Building a 3D Chess Set

This is my first attempt at a 3D chess set, and if you were considering such a set, I’ll share my experience with building it. The very first thing to consider is they type of chess piece you plan to use. Since boards overlap each other halfway, the tallest piece, usually the King, must be able to fit between the boards. I discovered this problem for myself too late and had to use pieces that would fit between the boards. So, once you have your chess pieces measure the height of the tallest piece and add a bit more for clearance. This is the distance you’ll need between the chess boards, which includes the smaller attack boards that are 2×2 squares.

Next, plan out your base, I choose a simple base, but if you search the internet, you will see a variety of base structures. I used plexiglass for the entire chess set. Mostly because after Covid, the store I work at threw away the shields for the sales counters, and I used one of these to make the chess set. The plexiglass made a good set because it allows the player to see through the boards to the different layers of the game.

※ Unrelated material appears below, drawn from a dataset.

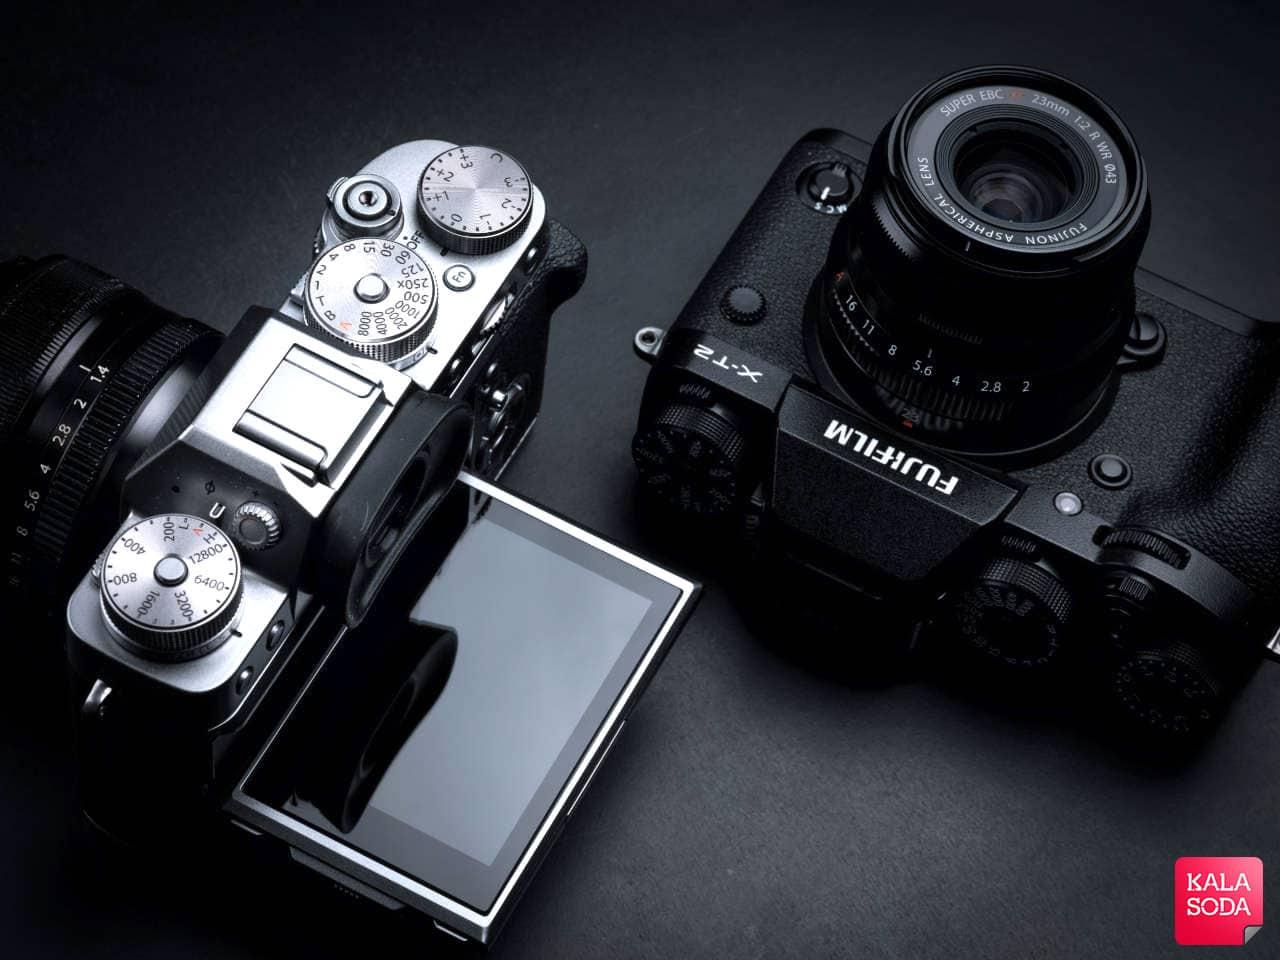 دوربین جدید فوجی فیلم یک ماه دیگر عرضه میشود کالاسودا

When designing the chess boards, it must be remembered that the middle board overlaps the lower board halfway, and the top board overlaps the middle board halfway. The 2×2 attack boards overlap on one corner square, (or as close as you can.) The 4×4 boards were 6 inches by 6 inches and the 2×2 attack boards were 3 inches by 3 inches. I suppose you can make these any size you wish, but this size seems sufficient.

I created my set out of cardboard first, making a pattern, then used this to lay out the design on to the plexiglass.

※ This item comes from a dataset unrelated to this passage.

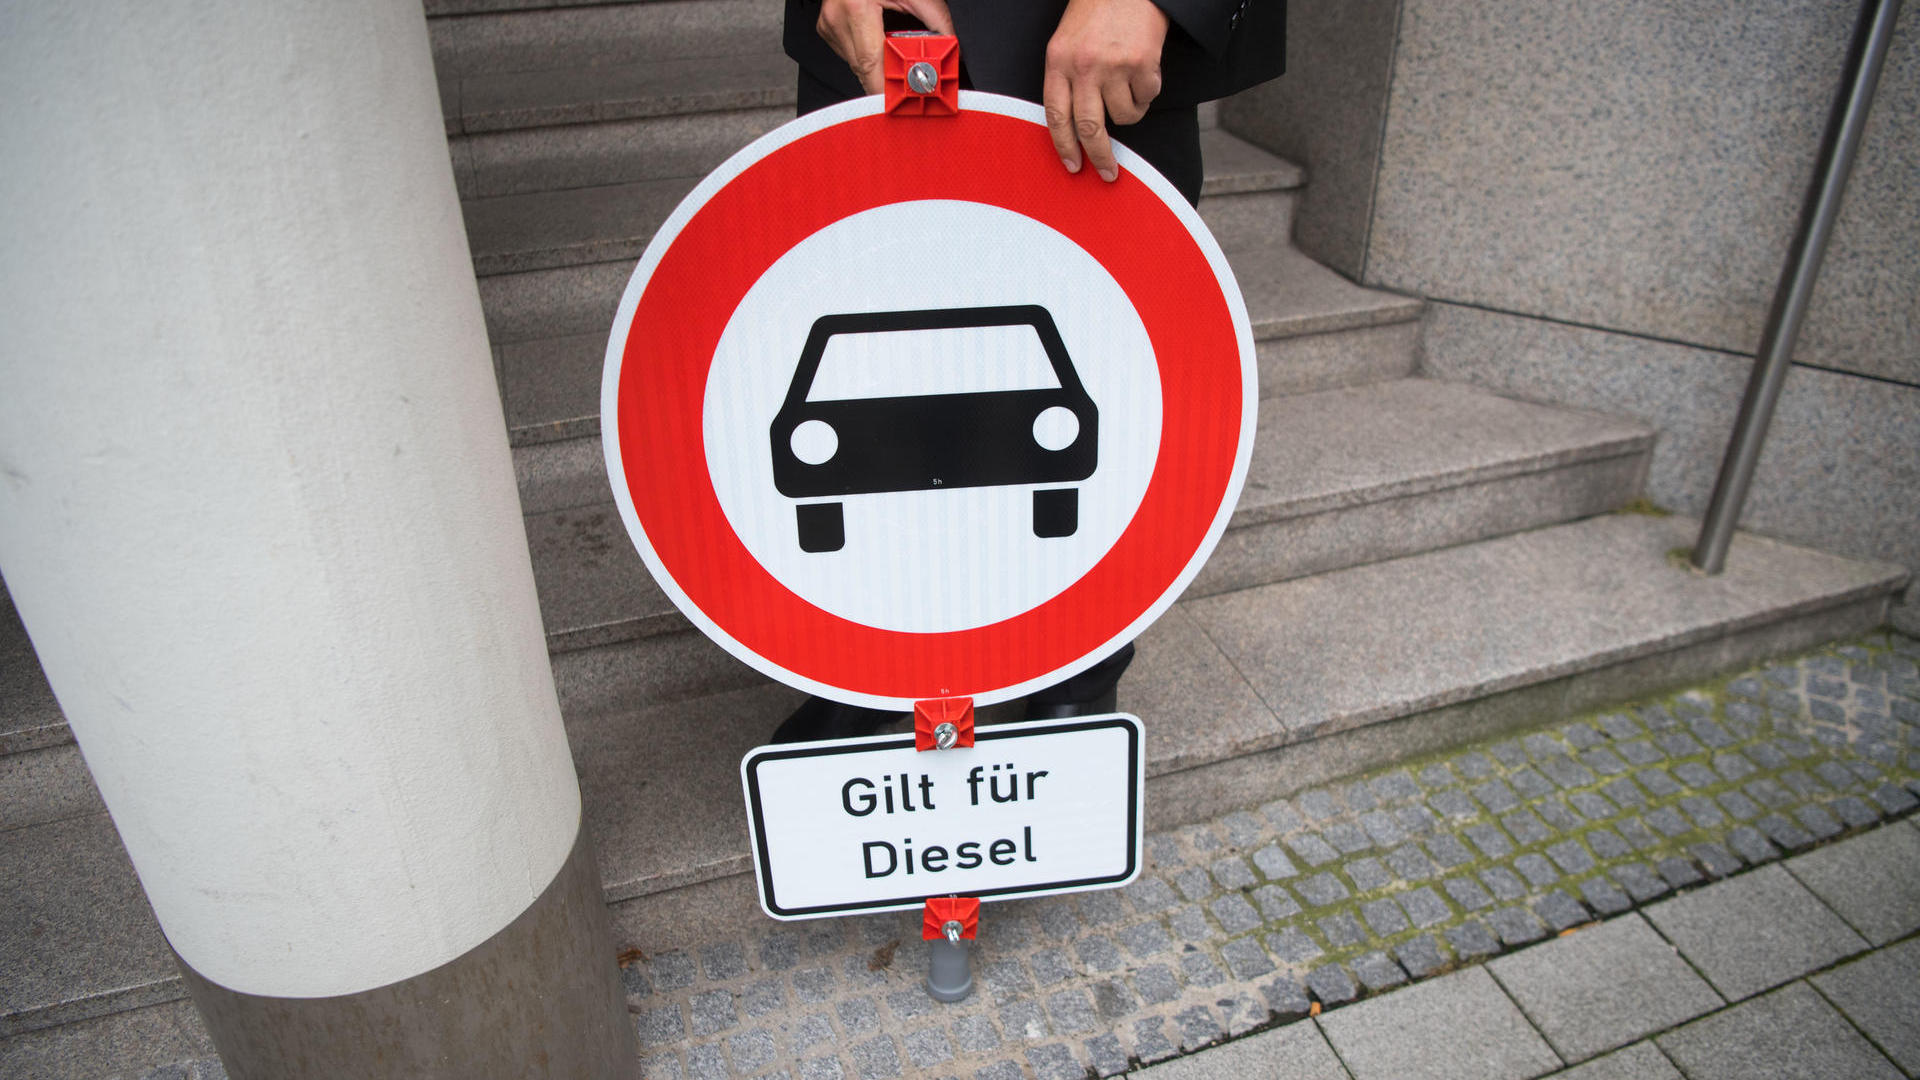 Almanya 2030 yılına kadar benzinli ve dizel arabaların satışını yasaklamayı planlıyor

My wife had a nice grid sheet that she uses for sewing projects which helped. Once the pieces were traced out with a dry erase marker, I used a jig saw to cut them out.

Now it was time to create the playing boards. I chose to color in the blocks with permanent marker. Using a fine marker and ruler to draw the grid, I laid out the boards. Four 2×2 boards (3 inch by 3 inch) and three 4×4 boards (6 inch by 6 inch). Each square of the chess board works out close to 1 and 1/2 inches square. I coated the colored squares with a craft sealant like Mod Podge or the equivalent, to protect the color areas from wear.

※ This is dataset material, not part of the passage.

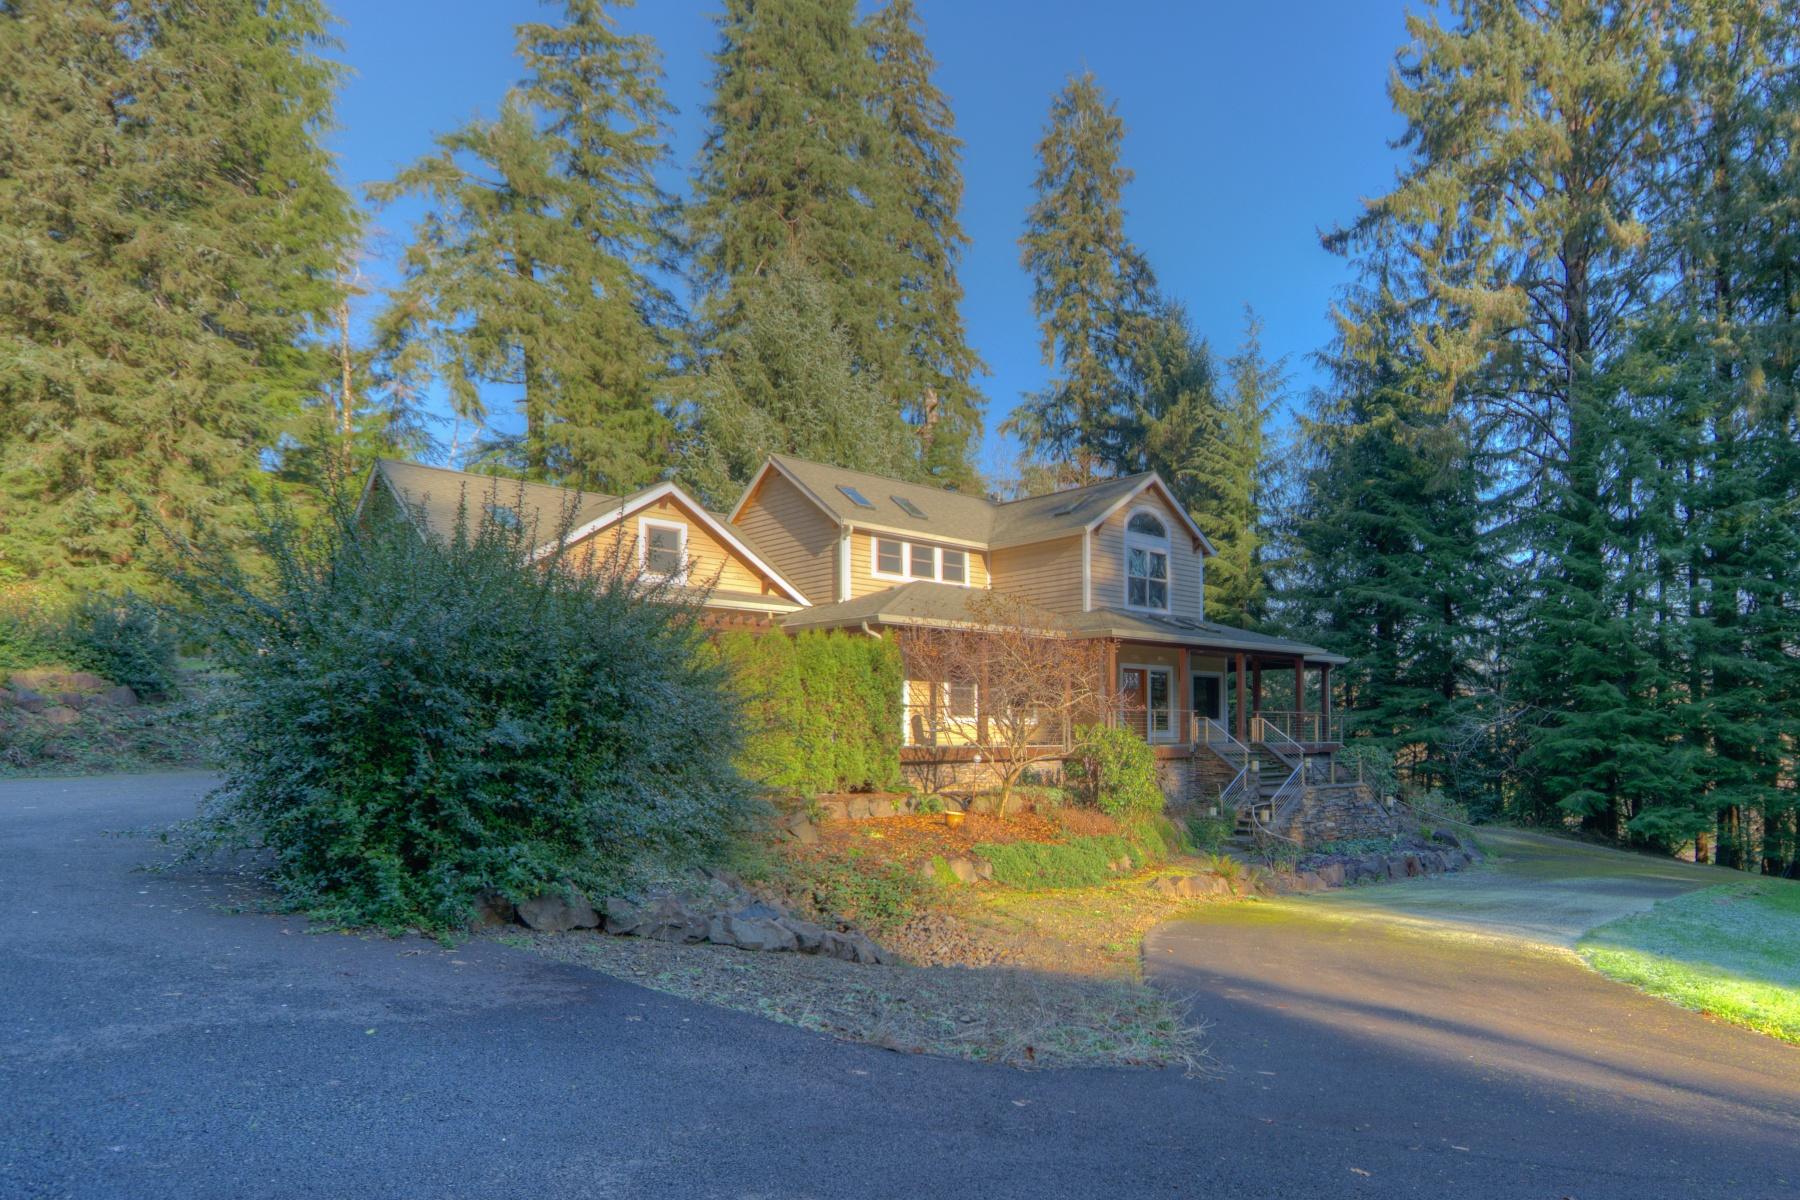 Einfamilienhaus für Verkauf beim 44650 CAROL DR, NEHALEM Nehalem, Oregon, 97131 Vereinigte Staaten

Once the boards were finished, I glued together the base, making some last-minute adjustments, I added a few support pieces.

A side from using super glue, I also added hot glue to support the boards. If I were going to do this design again, I would use two center step pieces, one on each side of the boards, rather than just a single up the middle. I drilled holes through the 4 corners of each 4×4 board and put small bolts pointing up in each corner, glueing them in place. I glued the three 4×4 boards in place. WARNING, all boards should end up with all right rear corners being blue (or dark) in color. With the attack boards, they get a hole drilled in the center and a bolt is placed into the center of each. For the center spindle leg that holds these board in place on the bolts that are put in the corners of the 4×4, I used ball point pen cases. I cut them to the correct length and attached these as spindle legs to the attack board bolts with glue. It was difficult to find the exact size bolt to snuggly fit the pen casing, but I did find a metric size that came quite close. The lower end of the spindle leg does not get attached to any of the 4×4 boards but is to be able to be moved from place to place by sliding the plastic case over the bolt that sticks up in the corners of the 4×4 boards.

Rules for 3D chess can be found online. https://www.chessvariants.com/3d.dir/startrek.html https://www.yestercade.net/tactical.htm https://meder.spacechess.org/3dschach/chess3d.htm

I printed off the various rules listed above and put them in a small folder. Most of the rules are consistent, but there are a few variations. YouTube does have a video that you might find helpful.

The board does look a bit rough. A better method of sawing would make the cuts straighter, and possibly a different means of coloring the squares in. I’d also color the underneath of the board rather than the playing surface if I were to build another. And as mentioned before, I’d either use two supports for the playing boards, one on each side, or abandon that all together and attempt a different type of stand. One other thought I had that if you wanted to be able to spin the board, turning it from player to player, building it on top of a lazy Susan might be a good idea.

I hope this helps if you are considering to build your own 3D chess set.